Composite Integers modulo zero

Question

Let $m \ge 2$ be a composite integer. Prove that there are elements $[x]_m$ and $[y]_m$ of $\mathbb Z$/m $\mathbb Z$ with $[x]_m,[y]_m$ $\neq$ $[0]_m$, such that $[x]_m\cdot[y]_m=[0]_m$

So, I understand the question but I am unsure of the approach to writing the proof. For me, it makes it easier to visualize a computational problem first, such as, let $x=4$,$y=5$ in $\mathbb Z$/4 $\mathbb Z$.

I suppose the proof I want to write is similar to the computational approach, let $x=m$ and show that, for any value $y$ and any composite value $m \ge 2$, $[x]_m\cdot[y]_m=[0]_m$

Any thoughts or suggestions?

Answer 1

If I understood your question correctly, your "computational approach" is wrong because $[4]_m=[0]_m$.

Anyway, first recall that

1. $[x]_m\cdot [y]_m=[x\cdot y]_m$
2. $[a]_m=[0]_m$ if and only if $a=km$ for some $k\in\mathbb{Z}$.

So you should look for two numbers $x$ and $y$ (that we can assume smaller than $m$ without losing generality) such that when you multiply them, you obtain something divisible by $m$.

There is a natural choice for them, can you guess it without reading the next few lines?

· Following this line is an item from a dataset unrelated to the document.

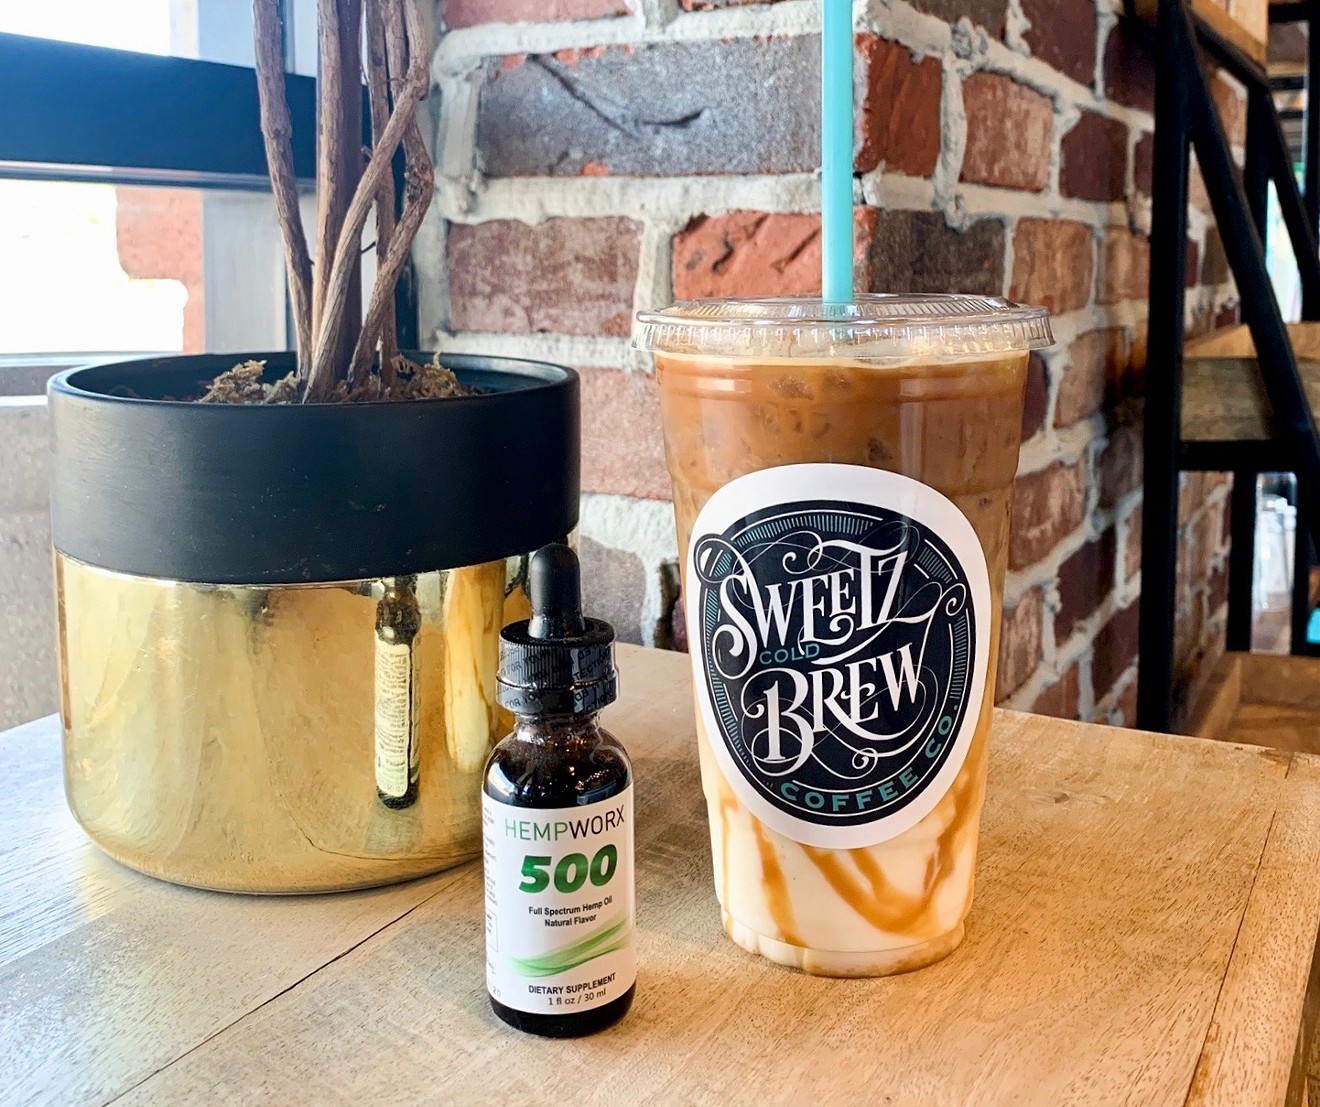 Trip launches CBD-infused cold brew coffee - FoodBev Media

Suppose that the prime decomposition of $m$ is $$m=p_1^{e_1}\cdot p_2^{e_2}\cdots p_r^{e_r}.$$ Then you can pick $x=p_1$ and $y=p_1^{e_1-1}p_2^{e_2}\cdots p_r^{e_r}$.

I left to you the proof that they verify the hypothesis.

Answer 2

$[m]_m=[0]_m$ so u cant use that.

$m$ is given to be composite so take a non-trivial factor $p$ and take $q=m/p$. Then $[p]_m.[q]_m=[0]_m$ .e.g. In $\Bbb Z/4\Bbb Z$ $[2]_4.[2]_4=[0]_4$.